I read a great article by Bill Robbins this morning via Poststatus who shared a few common myths when running and creating a successful WordPress Theme business. In his myth-busting blog post he shared these three myths:
- It’s Passive Income – Obviously there’s nothing passive about building a business. I have no idea how this myth even exists.
- If You Build It They Will Buy It – Again, debunked. There is no guarantee that anyone will want to buy your theme or your product.
- Kiss Client Work Goodbye – A personal choice but just because you have a theme business doesn’t mean that you can (or want) to quit doing client project work.
I love Bill’s honest perspective of how he’s grown his theme company and the challenges that he’s come across. You see, the stark reality is that a theme business (or a plugin business) is still just that – a business and it has all the challenges that come with running a legit company.
Here are a few more myths that exist to help provide a healthy dose of reality for those that might want to jump into these very rewarding waters (if you can survive):
1. Overnight Success
This one needs to die immediately. You see, growing a business takes time. Yes, you’ve probably heard of some developers who have “struck gold” very quickly and that’s always a possibility, but these are the vast exception to the general rule and the general experience of most software developers and companies.
Most theme companies take time to grow, pivot, change, and evolve. It takes time to find a footing within any marketplace, not just WordPress, and build sustainable systems that work and that are profitable.
8BIT, the parent company of this blog WP Daily, has been working on Standard Theme for years – in fact, as a company, we’re coming into our 4th year. 4 years of building one single WordPress theme. It took that long to find our footing, cultivate a workable brand, and to gain marketplace acceptance.

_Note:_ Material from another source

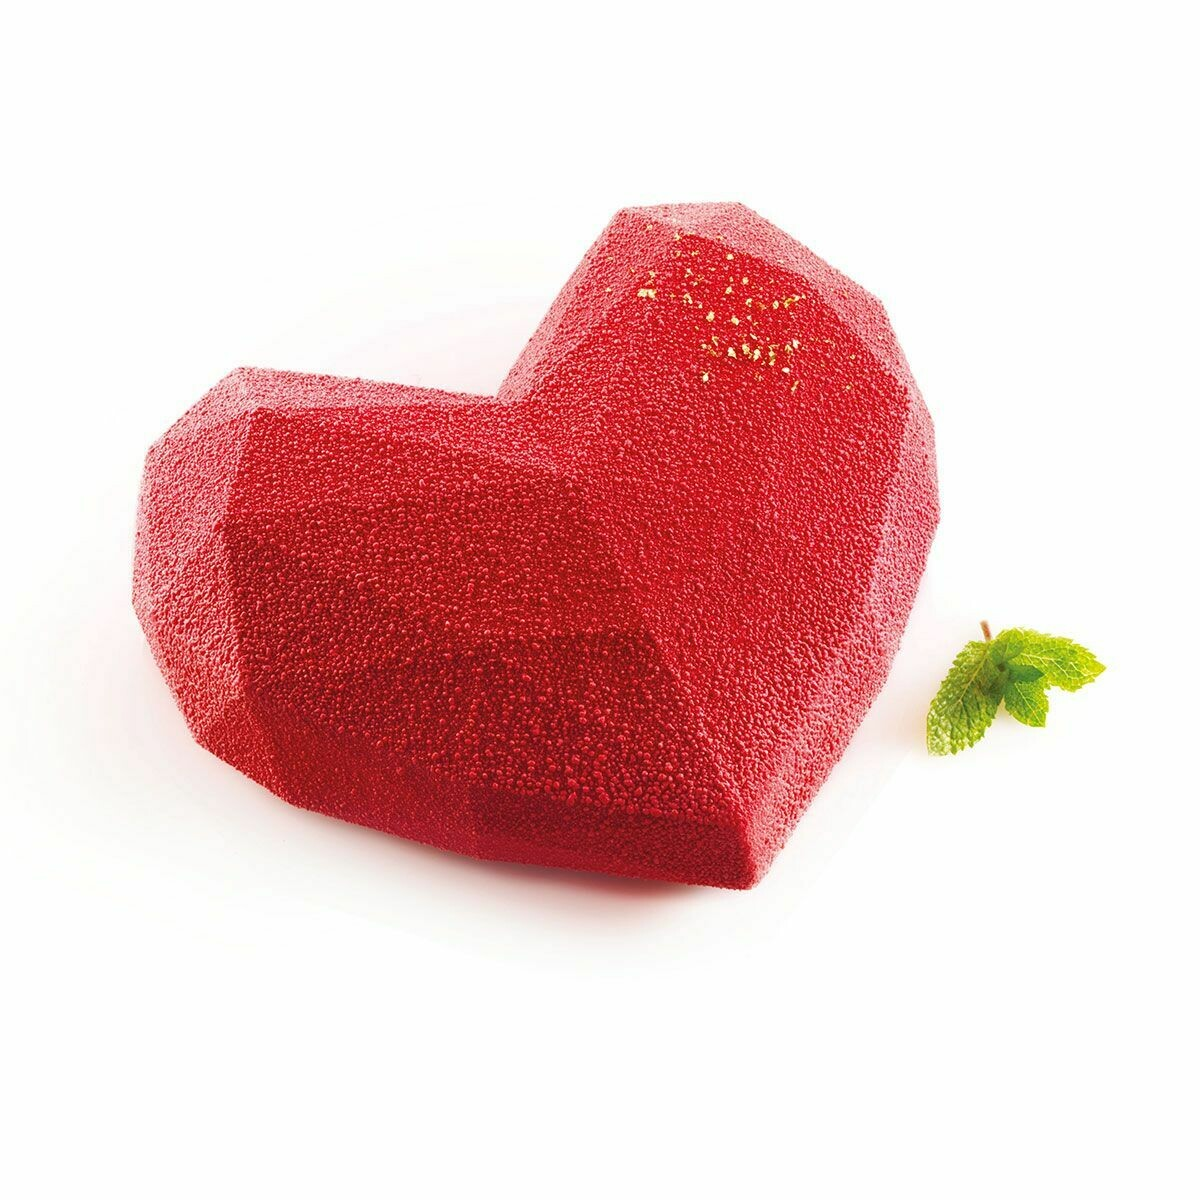 Silikomart Mould Amorini Origami Geometric LARGE Heart - Καλούπι Σιλικόνης για Μεγάλη Γεωμετρική Καρδιά Οριγκάμι

This was not overnight success by any stretch of the imagination. And for many theme developers it might take some time to grow that business into a real and sustainable one.
2. All or Nothing
One of the neat things about growing an online business is the fact that you can do it with very little energy, at least at first. The idea of starting a business historically was that you had to go “all in” or you wouldn’t succeed. To be honest, you can launch a successful theme company business part-time if you wanted.
The caveat is that you need to make sure that you can be successful part-time with the right systems, support, and help along the way. Using myself and my team as an example again, we were all part-time for a good portion of our development of our core product in the very beginning and we still all have some side projects and contract work, for personal fun or to fill in a few financial gaps as they exist.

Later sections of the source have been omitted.